教科書通りに入れ歯を作っていくのではなく、個人の嗜好を斟酌しながら作り上げていく。おばあちゃん達は奥ゆかしいですから、表立ってそれを褒めてはくださいませんよ。でも、その笑顔を見れば答えは一目瞭然です。「ただ噛めれば良い」のではなく、その先の満足を手掛けていきたいと思っています。
通い慣れた歯科医院だからこそできる、地域に寄り添う訪問診療
当院では訪問歯科診療の制度が整う以前から、通院が難しくなった患者さんのご自宅へ伺い、診療を続けてきました。この地域はご高齢の方が多いこともあり、「足腰が弱って通えなくなった」「家まで来てほしい」といったご相談は昔から少なくなかったのです。当時は現在のような訪問診療の保険制度もありませんでしたが、歯を抜いたり、入れ歯を作ったりと、必要な治療を行ってきました。気がつけば40年以上、地域の患者さんの暮らしに寄り添いながら続けてきたことになります。

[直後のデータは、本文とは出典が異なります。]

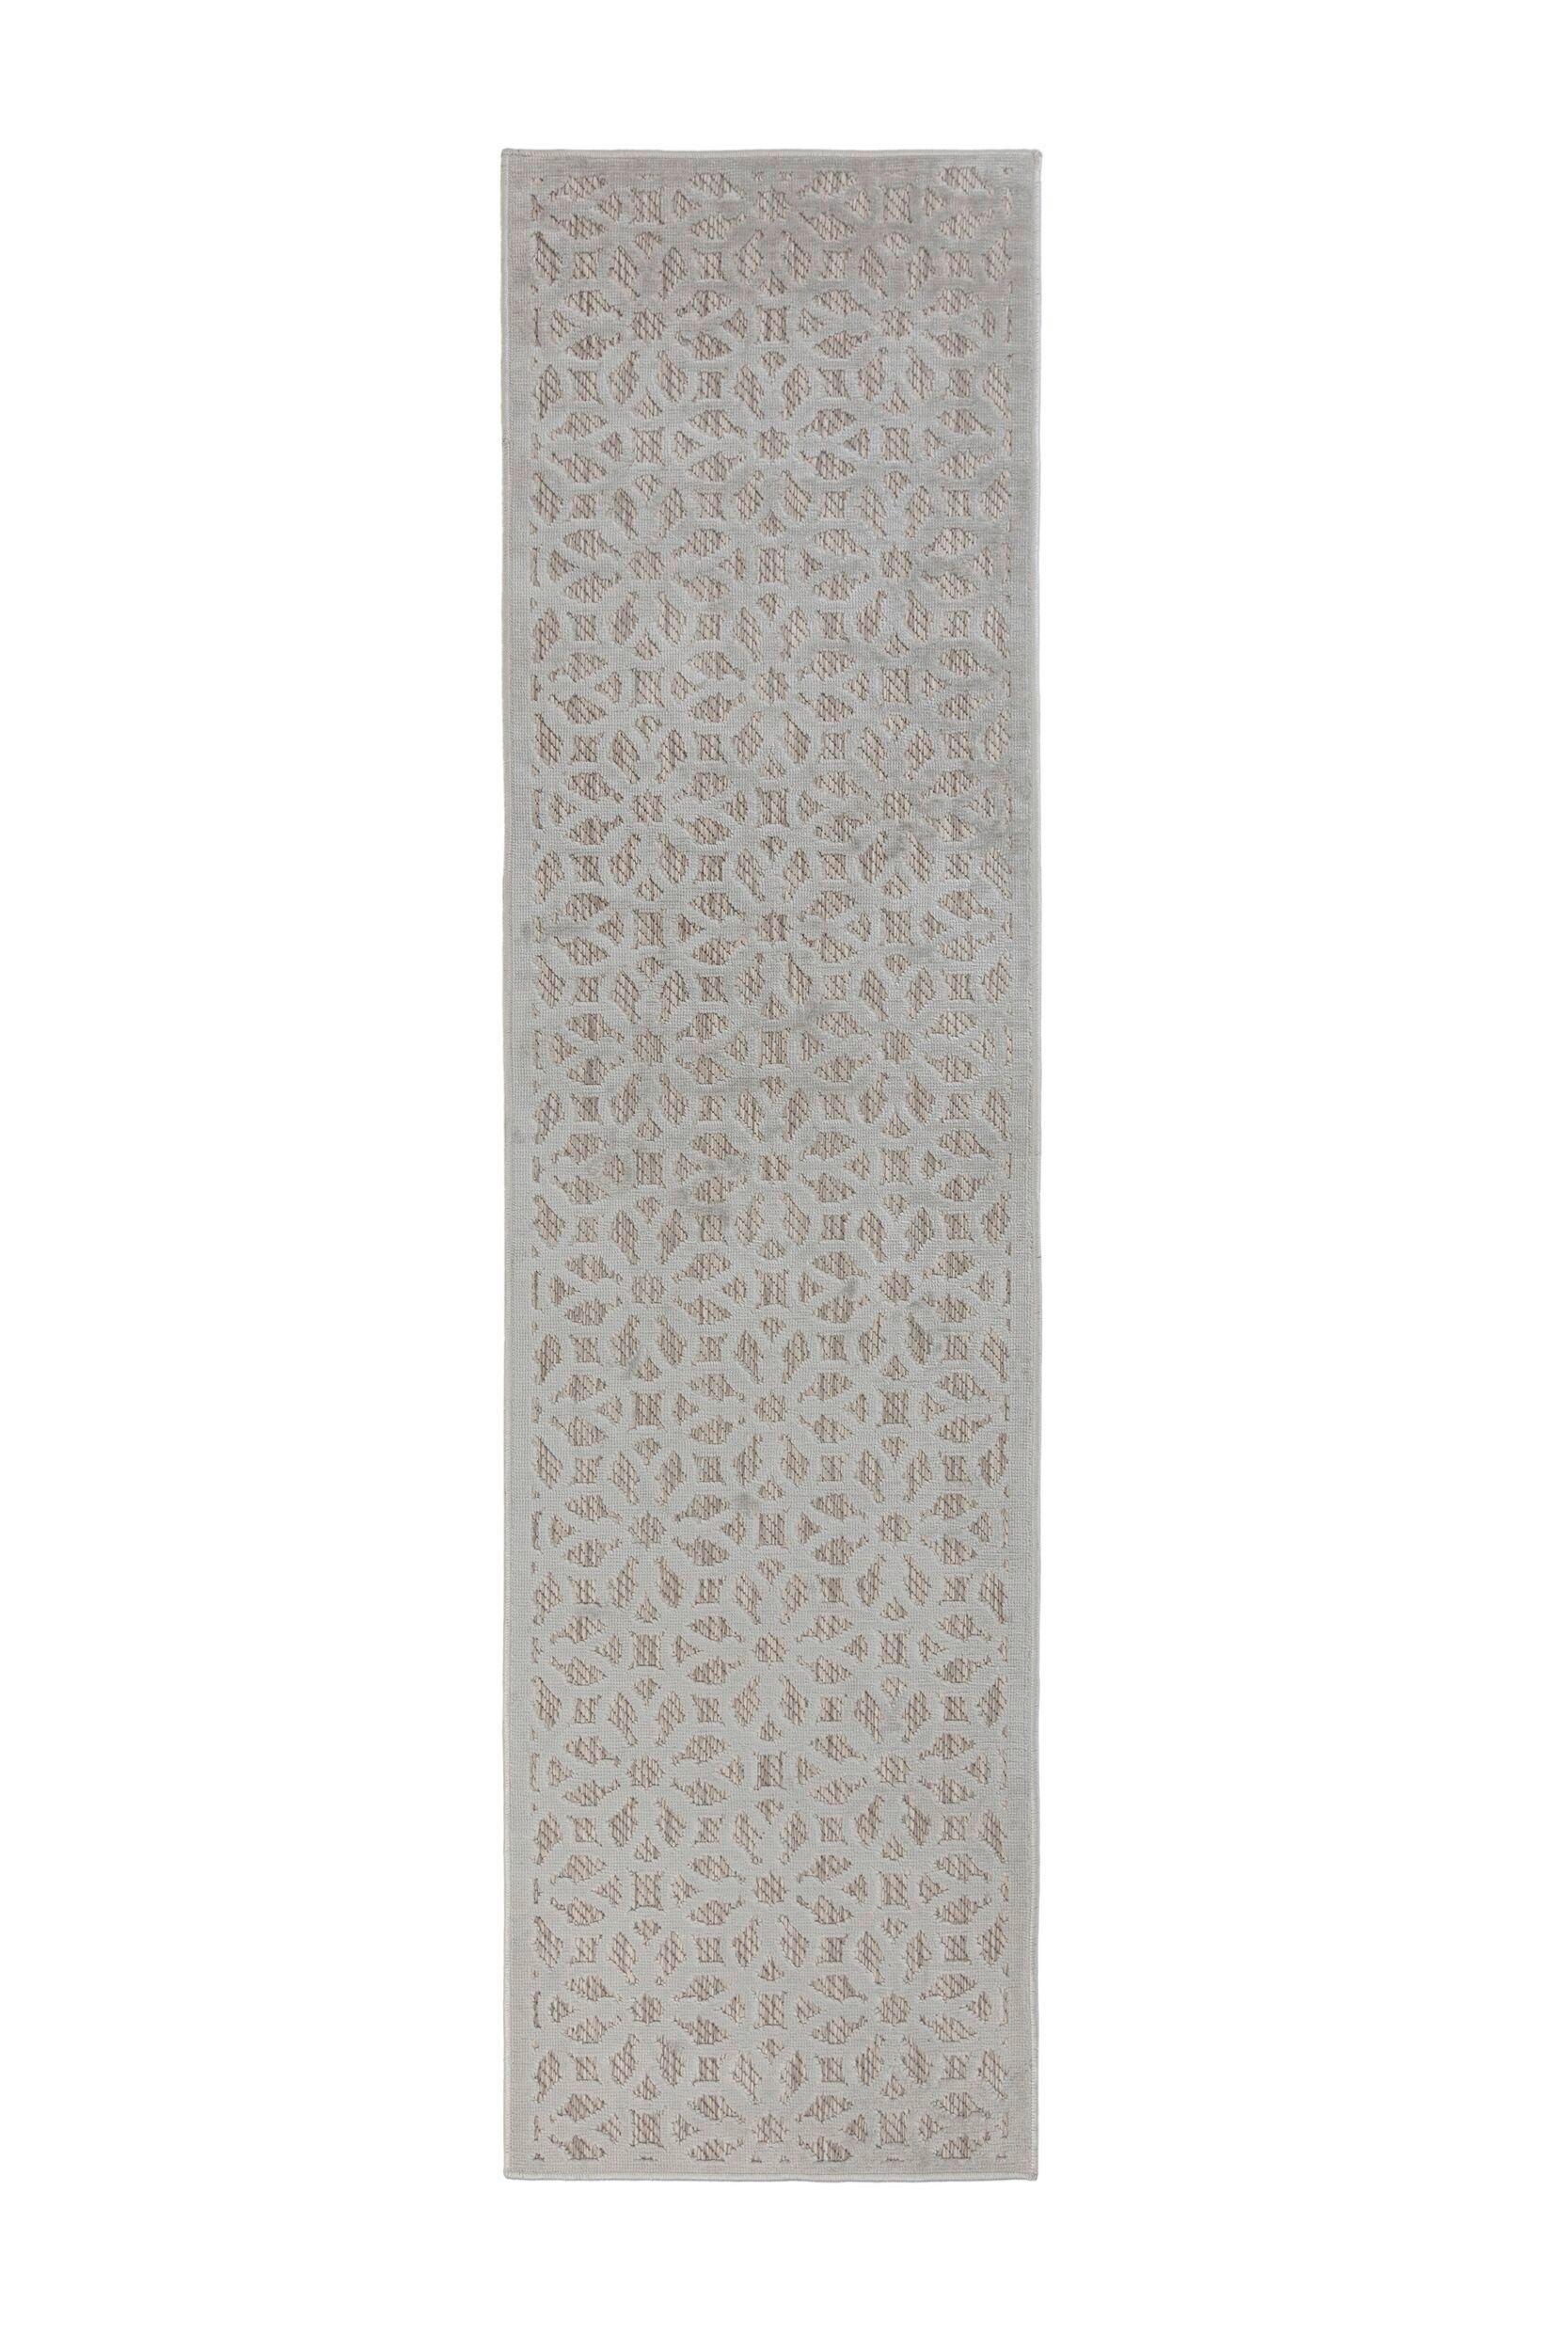 OUTDOORTEPPICH 66/230 cm Piatto  - Silberfarben, Basics, Textil (66/230cm)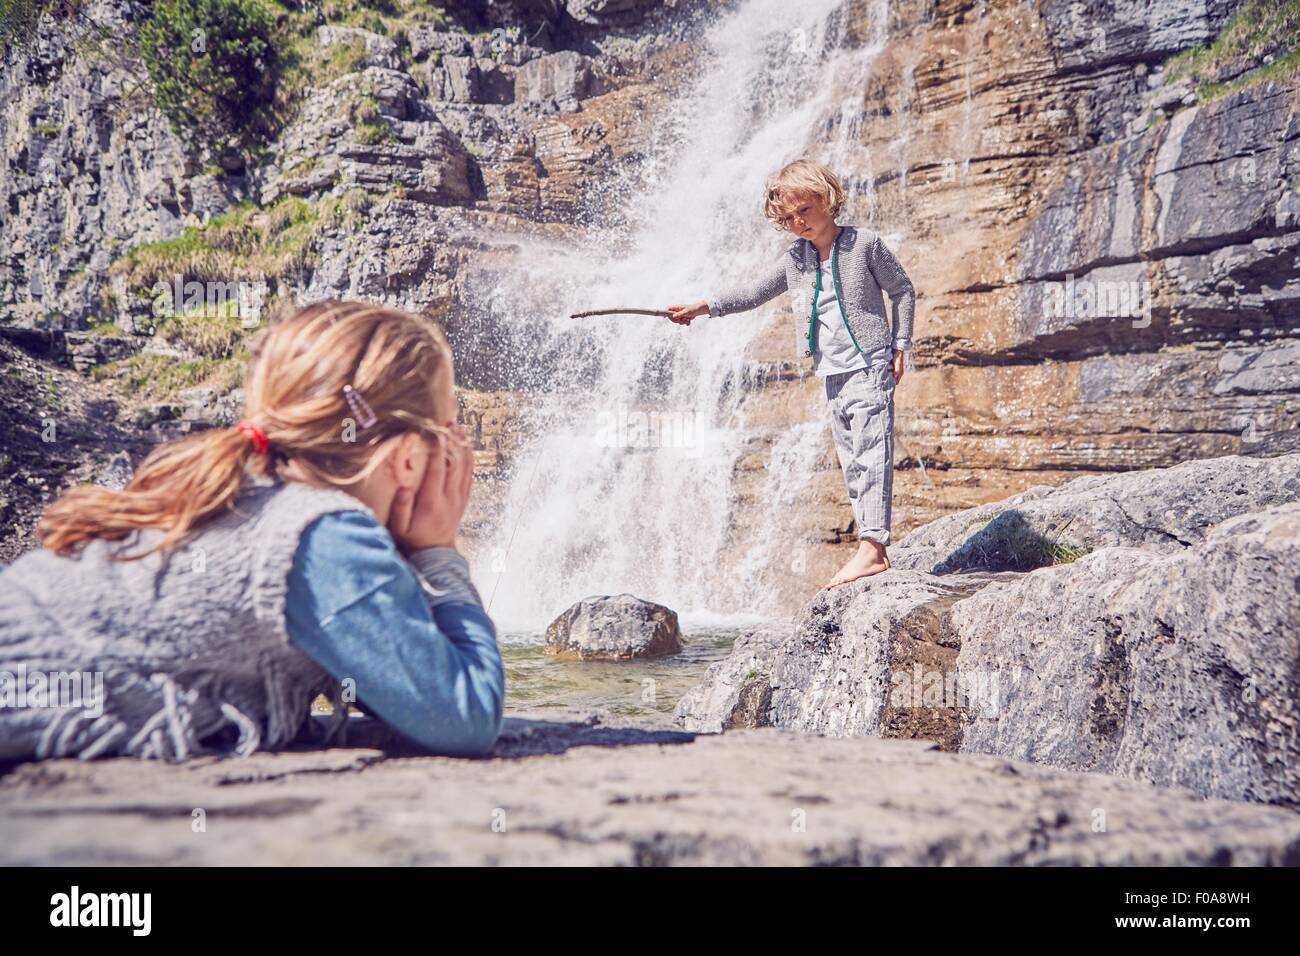 Jeune fille regardant frère, debout à côté d'une chute d'eau Banque D'Images

現在は訪問歯科を専門に行う歯科医院も増えていますが、私は、これまで長く診てきた患者さんであれば、できる限り自分が伺いたいという思いがあります。その方のお口の状態だけでなく、これまでの治療の経過や生活背景、ご家族のことまで理解しているからこそ、小さな変化にも気づくことができます。患者さんにとっても、「いつもの先生が来てくれる」という安心感は大きいのではないでしょうか。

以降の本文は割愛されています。